Os perigos das Fake News na era da informação

Enviada em 23/08/2018

Personagens que criavam mentiras e as espalhavam, muitas das vezes das janelas de suas casas, perderam-se no tempo em obras literárias como as de Jorge Amado e Dias Gomes. No atual contexto social, em plena era tecnológica, os perigos são chamados de “Fake News” e os disseminadores são aqueles nas redes sociais.

Indubitavelmente, o século XXI está marcado pela inserção da população mundial à era tecnológica. Do local mais remoto, aos cidadãos mais humildes, a tecnologia da informática se faz presente. É inegável que houve melhorias na qualidade de vida. Contudo, existem aspectos negativos que acabam por desabonar as maravilhas da tecnologia. Desses, as “Fake News” são as mais relevantes. Isso porque espalhar mentiras, com a velocidade e amplificação, gera danos significativos.

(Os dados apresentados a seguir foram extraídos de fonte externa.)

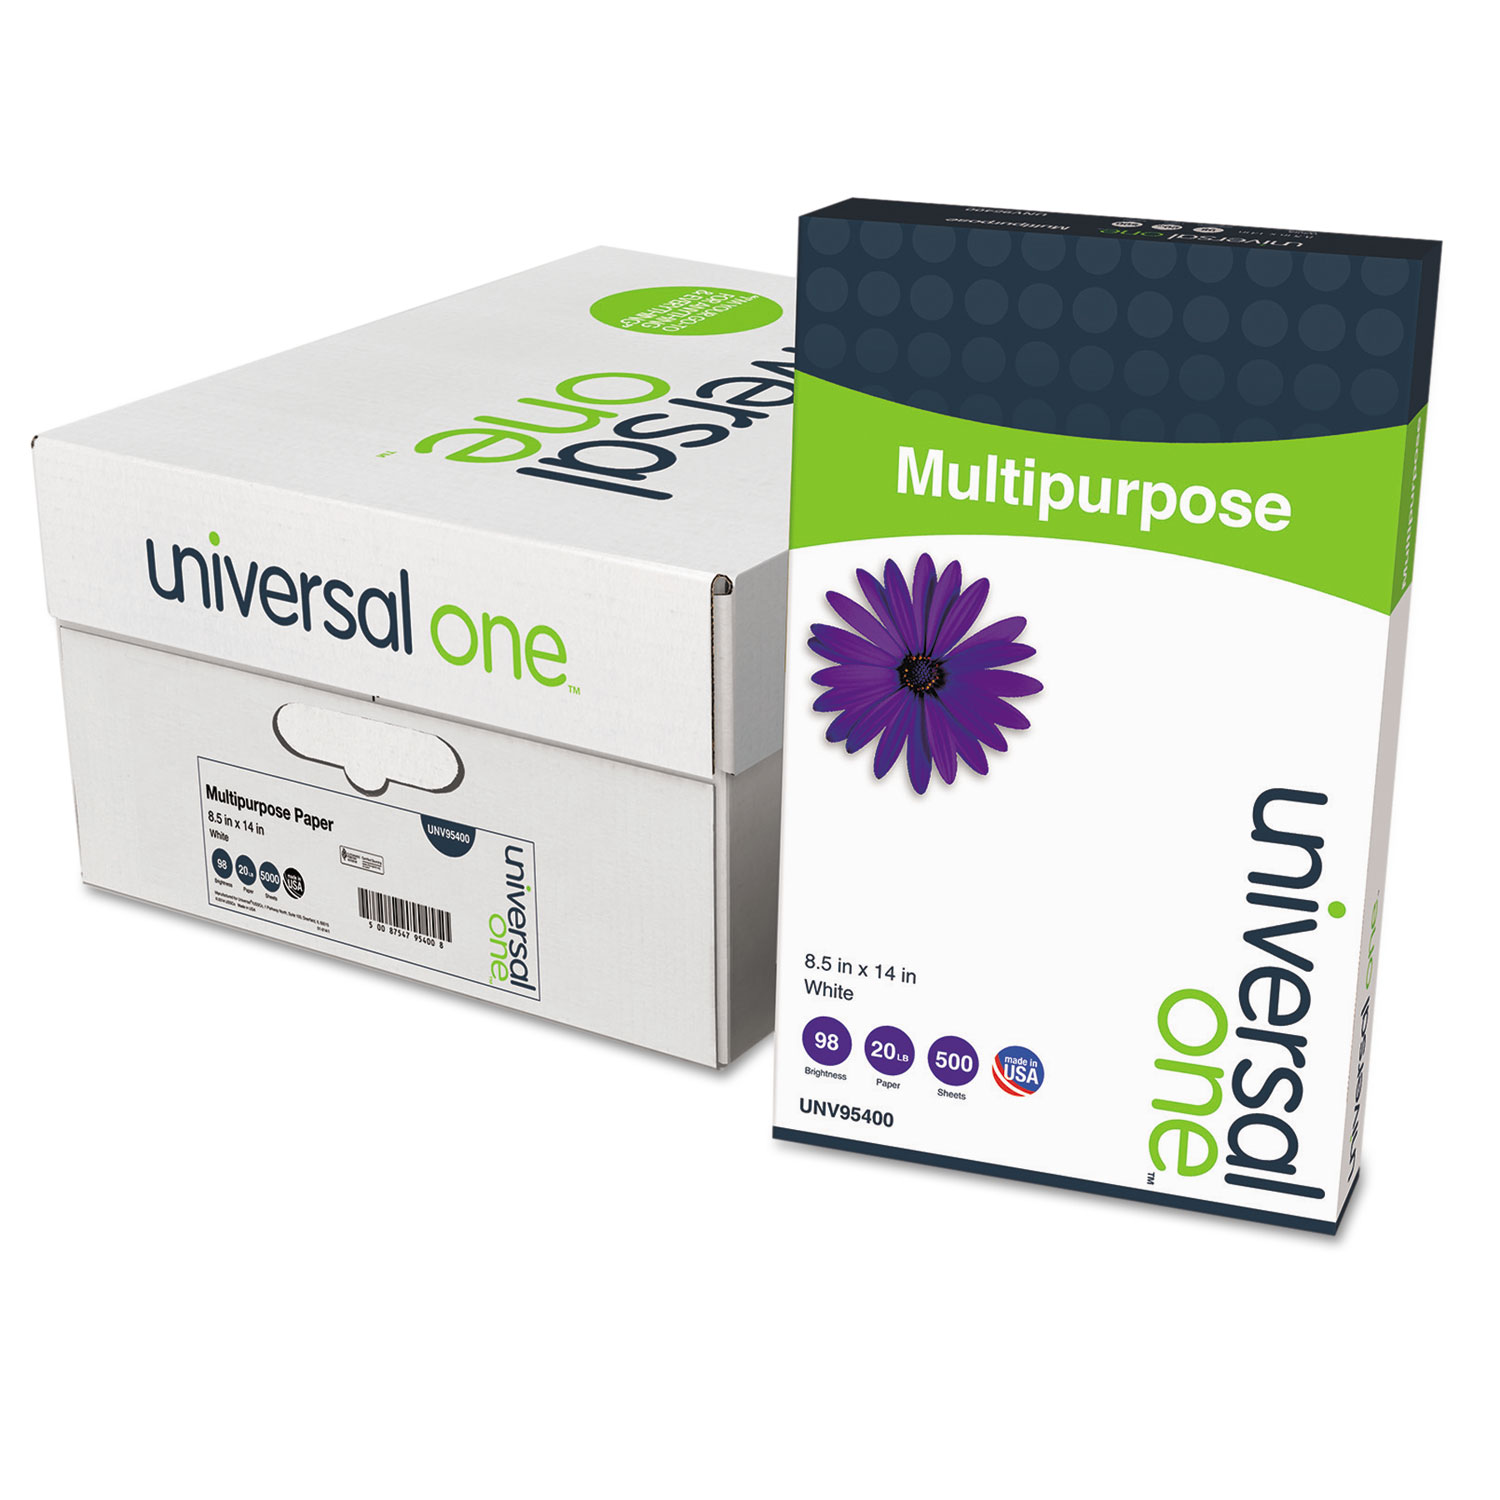  Universal UNV95400 Deluxe Multipurpose Paper, 98 Bright, 20lb, 8.5 x 14, Bright White, 500 Sheets/Ream, 10 Reams/Carton (UNV95400) 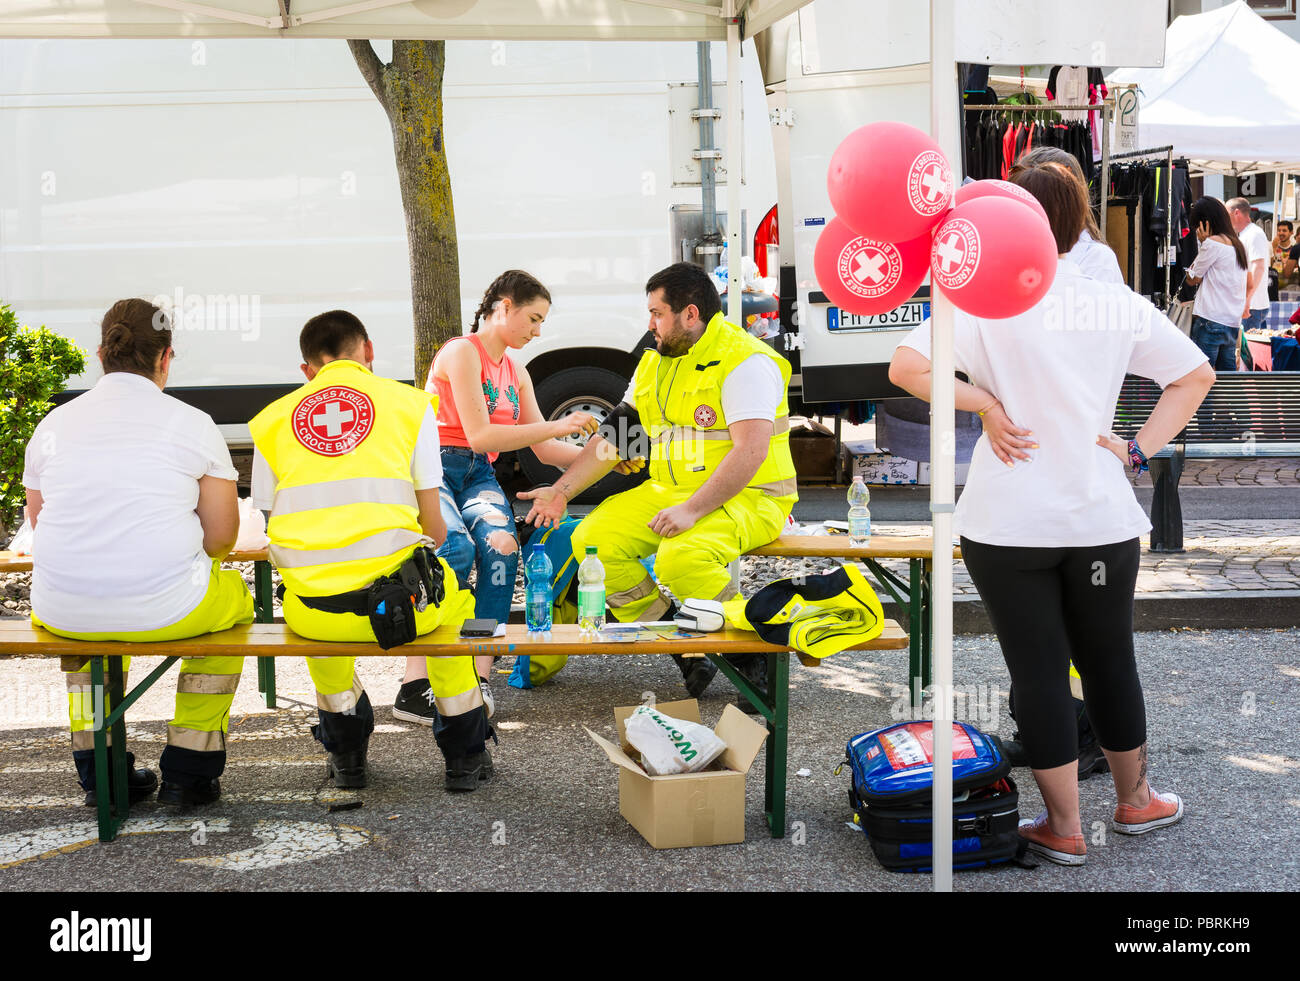 Stands promocionales sobre las actividades de la Cruz Roja, venta de gadgets y uniformes de la Cruz Roja Italiana - Cruz Roja Trentino Alto Adige, en Bolzano, Italia Foto de stock

Conforme a Constituição Federal brasileira, há garantia de liberdade de expressão às pessoas, vedado o anonimato. O direito assegurado, à época, mais frequentemente relacionado ao jornalismo, hoje, tem um dimensionamento maior. Há muitos blogueiros, influenciadores digitais, consumidores compulsivos de aplicativos sociais. O historiador brasileiro, Leandro Karnal, afirma que a sociedade brasileira mudou e que os valores transformaram-se. Além disso, essa sociedade não está adequada à nova era. Espalhar mentiras em redes sociais não é fofoca. É mais grave, apesar de muitos não terem essa ciência. O que respalda a pessoa atingida ? Qual a pena para o criador e os disseminadores?

As respostas às perguntas parecem distantes para uma sociedade que não se preparou à velocidade da informática. Alguns legisladores apostam exclusivamente na criação de novas leis que regulamentem o assunto. Todavia, a sociedade precisa rever valores éticos e morais em ações simples e cotidianas como enviar mensagens em grupos familiares. Esse aviso, se mentiroso, causará danos sociais, econômicos, políticos. Não será somente um indivíduo ou um Estado atingido, o mundo poderá padecer. Um dos casos mais recentes e graves foi a divulgação de supostas “Fake News” em plena disputa presidencial americana. Estudiosos confirmaram que elas foram decisivas no pleito.

Para amenizar os efeitos das mentiras tecnológicas, o Estado precisa estar preparado. Há de se investir em moderna legislação que aborde o tema. Os aparelhos do Estado precisam estar preparados para identificação das notícias, dos noticiadores e para bloqueio das mesmas. O país necessita de planos de contingenciamento aos danos gerados pela tecnologia. Além disso, há de haver investimentos em educação tecnológica, não se esquecendo do ensino da ética e moral. Por fim, a sociedade precisa conscientizar-se dos prejuízos pelas " Fake News" . Averiguar a veridicidade em fontes confiáveis e avaliar a necessidade de repassá-las, é primordial à sociedade moderna.